[PATCH] KVM: arm64: Make the exposed feature bits in AA64DFR0_EL1 writable from userspace

Wed Nov 27 09:53:18 PST 2024

On Tue, 26 Nov 2024, Marc Zyngier wrote:
> On Tue, 26 Nov 2024 17:00:35 +0000,
> Sebastian Ott <sebott at redhat.com> wrote:
>> On Wed, 14 Aug 2024, Shameerali Kolothum Thodi wrote:
>>>>
>>>> On Tue, 13 Aug 2024 15:28:35 +0100,
>>>> Shameer Kolothum <shameerali.kolothum.thodi at huawei.com> wrote:
>>>>>
>>>>> KVM exposes the OS double lock feature bit to Guests but returns
>>>>> RAZ/WI on Guest OSDLR_EL1 access. This breaks Guest migration between
>>>>> systems where this feature support differ. Add support to make this
>>>>> feature writable from userspace by setting the mask bit. While at it,
>>>>> set the mask bits for other exposed features in the AA64DFR0_EL1
>>>>> register as well.
>>>>>
>>>>> Also update the selftest to cover these fields.
>>>>>
>>>>> Signed-off-by: Shameer Kolothum
>>>> <shameerali.kolothum.thodi at huawei.com>
>>>>> ---
>>>>>    This is based on the discussion here(Thanks to Oliver),
>>>>>    https://lore.kernel.org/all/ZrVSlbVwnaMDShah@linux.dev/
>>>>> ---
>>>>>  arch/arm64/kvm/sys_regs.c                         | 6 +++++-
>>>>>  tools/testing/selftests/kvm/aarch64/set_id_regs.c | 4 ++++
>>>>>  2 files changed, 9 insertions(+), 1 deletion(-)
>>>>>
>>>>> diff --git a/arch/arm64/kvm/sys_regs.c b/arch/arm64/kvm/sys_regs.c
>>>>> index c90324060436..adb49d681052 100644
>>>>> --- a/arch/arm64/kvm/sys_regs.c
>>>>> +++ b/arch/arm64/kvm/sys_regs.c
>>>>> @@ -2376,7 +2376,11 @@ static const struct sys_reg_desc sys_reg_descs[]
>>>> = {
>>>>>  	  .get_user = get_id_reg,
>>>>>  	  .set_user = set_id_aa64dfr0_el1,
>>>>>  	  .reset = read_sanitised_id_aa64dfr0_el1,
>>>>> -	  .val = ID_AA64DFR0_EL1_PMUVer_MASK |
>>>>> +	  .val = ID_AA64DFR0_EL1_DoubleLock_MASK |
>>>>> +		 ID_AA64DFR0_EL1_CTX_CMPs_MASK |
>>>>> +		 ID_AA64DFR0_EL1_WRPs_MASK |
>>>>> +		 ID_AA64DFR0_EL1_BRPs_MASK |
>>>>
>>>>
>>>> I think this is going to cause some troubles.
>>>>
>>>> The issue is that context-aware breakpoints are the highest-numbered
>>>> breakpoints, right after the normal breakpoints (D2.8.3 "Breakpoint
>>>> types and linking of breakpoints"). So if you reduce the number of
>>>> normal breakpoints, you shift the context-aware ones down, and
>>>> everything breaks.
>>>
>>> Thanks Marc for explaining this. I was not aware of this one.
>>>
>>>> I really don't see how you can safely do that without completely
>>>> changing the way we handle the debug registers.
>>>
>>> Looks like Reji has attempted to do this a while back,
>>> https://lore.kernel.org/kvm/20220419065544.3616948-13-reijiw@google.com/
>>>
>>
>> I've got two machines that differ in the number of breakpoints and
>> it would be nice to be able to migrate between these. Is anything
>
> Is that the *only* thing that differ? Do the have the same number of
> context-aware breakpoints?

It's the only diff in DFR0 - CTX_CMPs is the same. There are diffs in
other ID regs as well but these are already writable.

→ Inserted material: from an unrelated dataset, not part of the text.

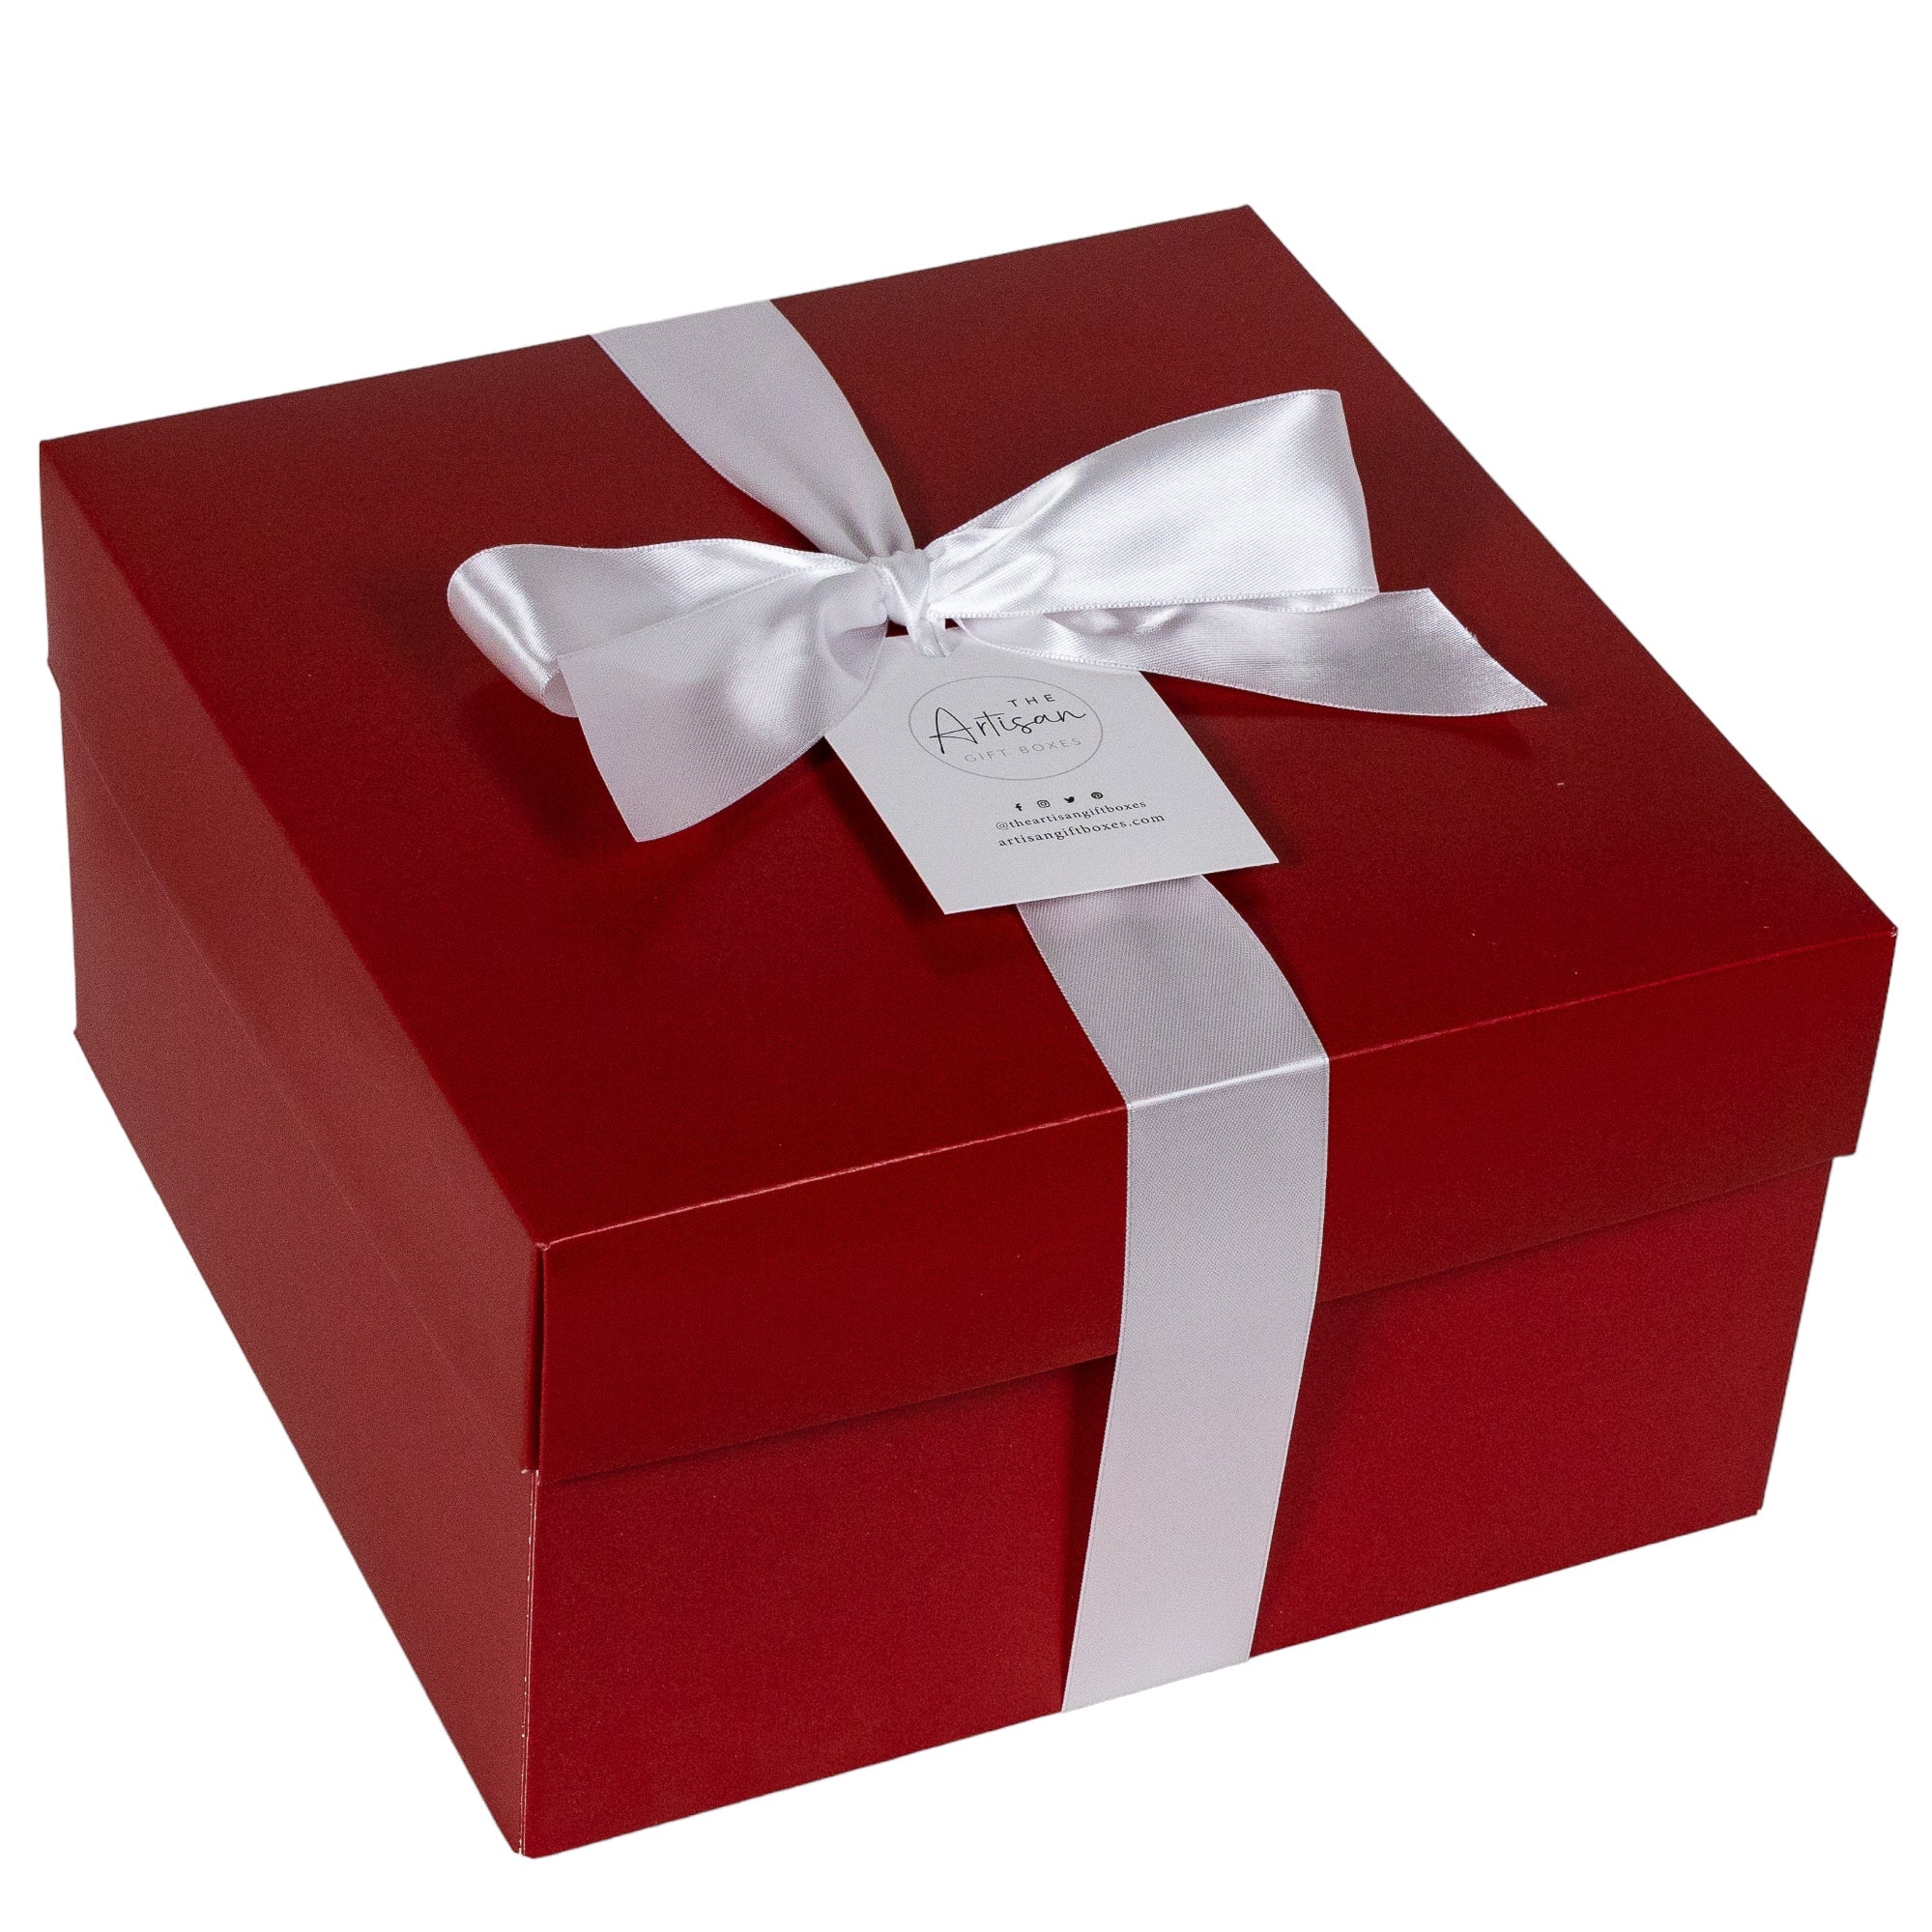 Stay Cozy Gift Box

>> preventing us from trapping the access and make sure the correct
>> breakpoint is used? Is anyone working on this? If not I'd like to
>> give it a shot.
>
> Not only trapping. You also need to handle some interesting parts of
> the architecture, such as the breakpoint linking fun.

Ugh, and I was thinking this might be straightforward ;-(

> But if we are to go down that road, I really want to restrict that to
> implementations that have FEAT_FGT. Because otherwise we need to trap
> and emulate *everything*, instead of just the breakpoint registers.
> And that would be pretty bad from a performance perspective.

OK, understood.

> Another thing is that this only works because there is no report of
> the breakpoint number in ESR_ELx. The moment we offering this
> migration "feature", we are painting ourselves in a corner, should the
> architecture ever evolve to something less... bizarre.
>
> Finally, who is going to ensure this keeps working in the foreseeable
> future? Because while this is nice, that's not what gets deployed in
> production, as it leads to unpredictable performances. My take is that
> this thing will eventually bitrot and die.
>
> So, do we *really* want to go down that road?

Thanks a lot for the pointers! I'll do some more digging to figure out
what needs to be done and if that's actually worth it..

Sebastian